The Reds didn't just tread water without one of the game's best players; they blew everyone else out of the pool. Through Wednesday's win at Arizona, they've gone 30-14 without the former National League MVP Award winner, and are the owners of baseball's best record at 80-52.
Cincinnati went from clinging to a one-game lead to being a season-high eight-game leader over the second-place Cardinals.
"We got on a better run than you could have expected, even with Votto," starting pitcher Bronson Arroyo said.
And now, as they near their final 30 games of the regular season and aim their sights on a second division title in three years, the Reds get to enjoy the equivalent of adding one of baseball's best players for the stretch run.
Votto left the Reds' lineup on July 16, before he had his first arthroscopic surgery to repair torn meniscus cartilage in his left knee. At the time, he was batting .342 with 14 home runs and 49 RBIs, and he had a league-best .465 on-base percentage. His 36 doubles, which was on a pace to smash an 81-year-old record, still ranks tied for second in the NL.
"You can get by for a while, but sooner or later, you need your big boy," Reds manager Dusty Baker said. "He's your equalizer against a real tough pitcher. Plus, when he comes back, he sets my lineup the way that it should be. Right now, things are set the way they have to be to give us the best chance to win."
While Baker had to mix and match his lineups repeatedly, he also benefited from having players who stepped up -- such as Ryan Ludwick and rookie Todd Frazier.
Ludwick, who sputtered the first two-plus months of the season, found a groove in June and took that to another level after Votto went down. Ludwick batted .336 in 40 games, with 12 home runs and 35 RBIs.
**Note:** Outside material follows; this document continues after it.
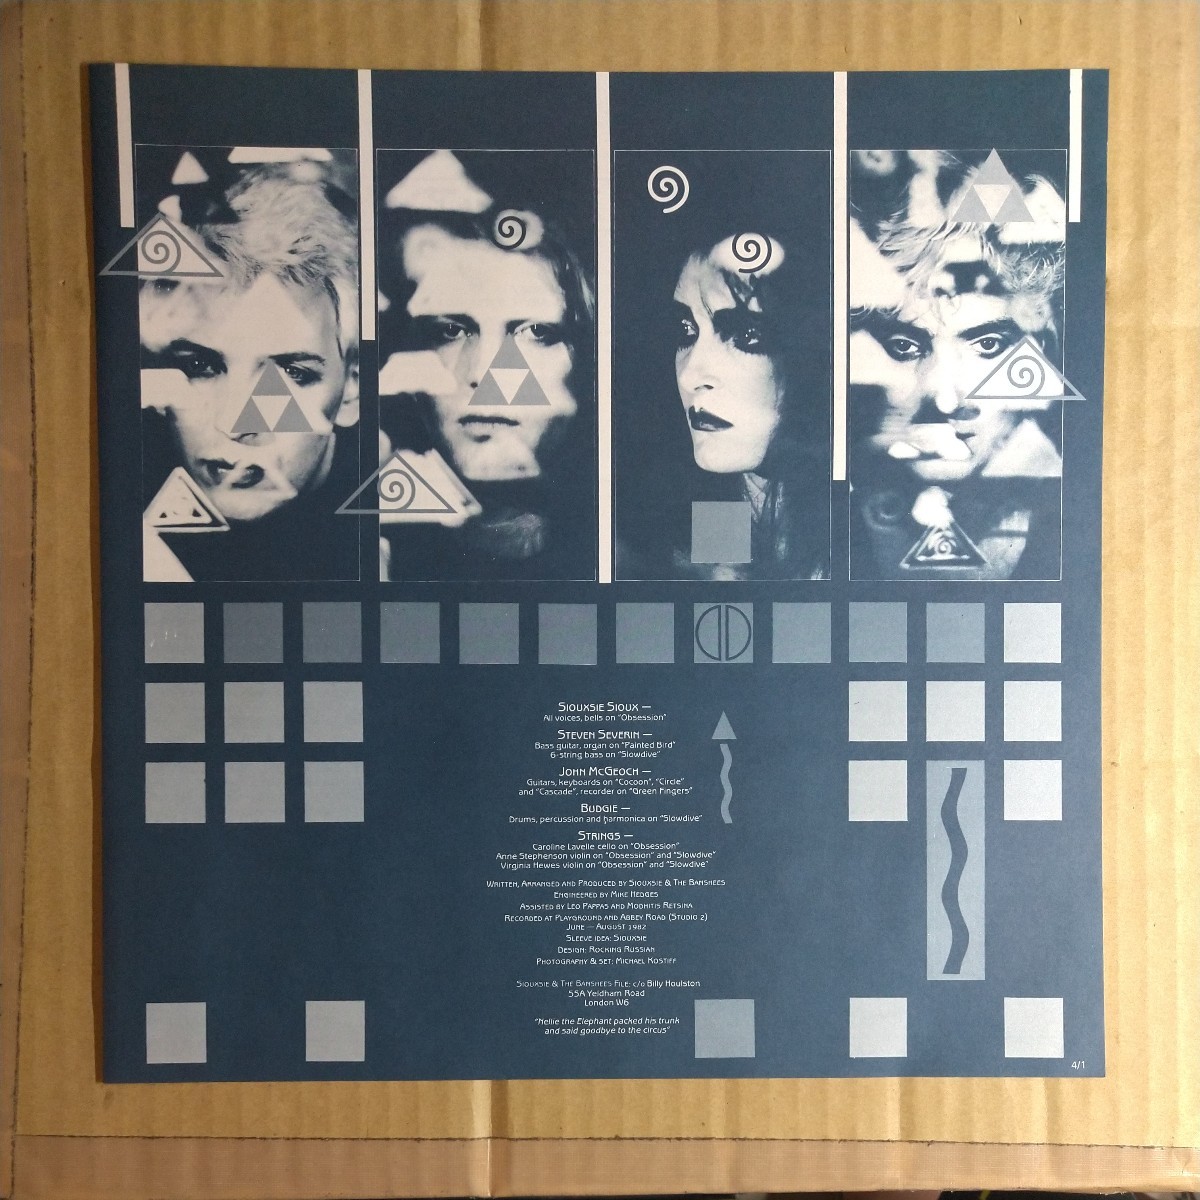 スージー&ザ・バンシーズ「kiss in the dreamhouse」邦LP 1982年★★siouxsie and the banshees post- punk gothic new wave_画像3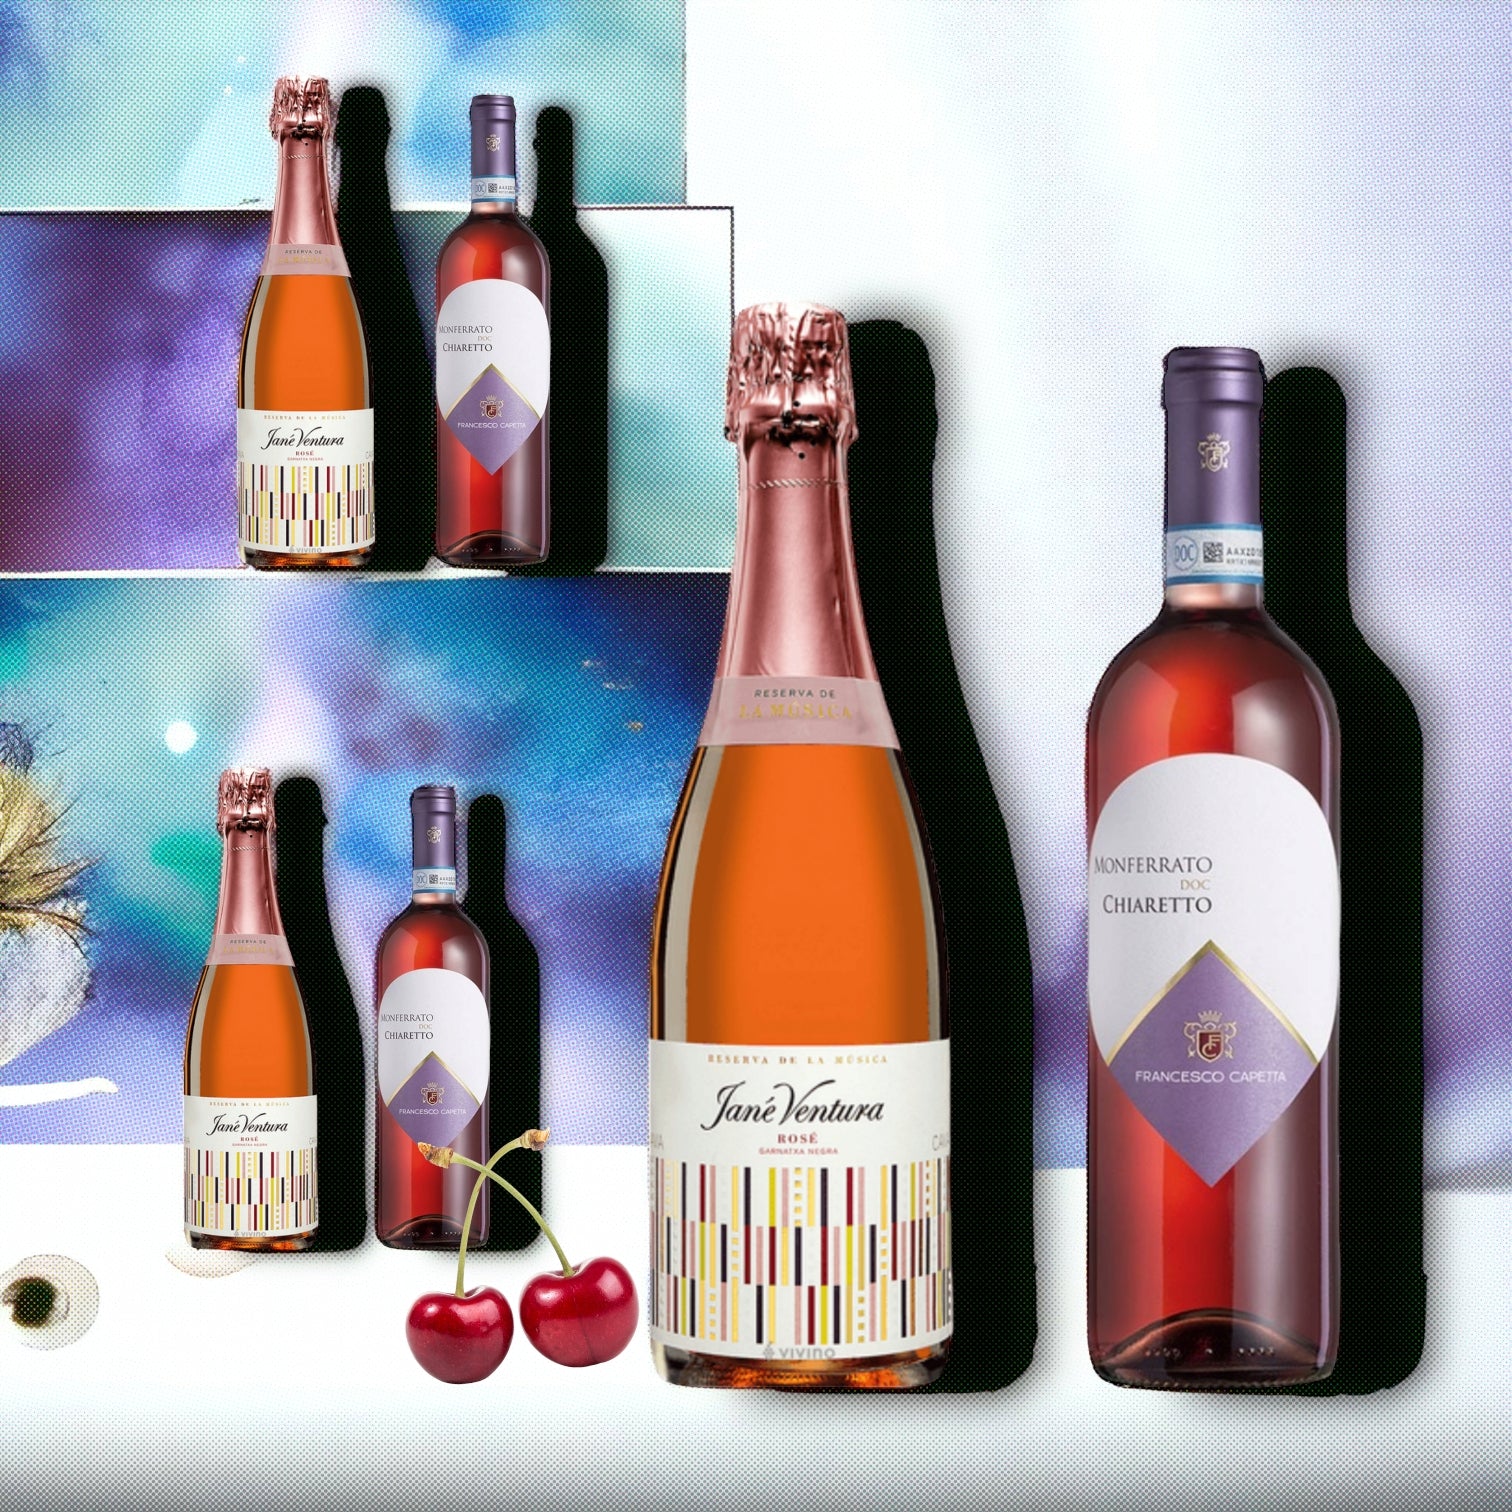 Jané Ventura Reserva de la Música Rosé 2018 + Capetta Monferrato DOC Chiaretto Francesco Sparkling Lillion Wine Offer special offer

Frazier, who stepped in for Scott Rolen at third base in the first half of the season, primarily played first base in the second half. In his last 43 games, he batted .313 with eight homers and 32 RBIs, while creating buzz that he is deserving of the NL Rookie of the Year Award.
Brandon Phillips batted .316 and drove in 21 runs in 39 games, and took over Votto's third spot in the lineup. Rolen, who endured a rough first half and battled with injuries, batted .330 over his 30 games.
"They have done an excellent job," Votto told reporters Tuesday, while on his rehab assignment at Class A Dayton. "Watching the games, I'm a little upset I am not part of the team and I'm not a part of all that winning. I'm very proud of them, because I've seen so many seasons blossom from the All-Star break until now where some guys are going to move on to have good contracts and other guys have a chance to start next year, and guys just really taking a step up."
With Votto, the Reds were batting .249 and averaging 4.16 runs per game over their first 89 games of the season. In the past 44 games since he was out, the team batted .270 and averaged 4.6 runs per game.
"I feel like the first news of it, guys were a little concerned about losing a player like that," Hanigan said. "Everybody said, 'You know what, this is our time to step it up.' Everybody has had more chances to really help the team win. We've gotten it done in different ways -- pitching, clutch hits and defense."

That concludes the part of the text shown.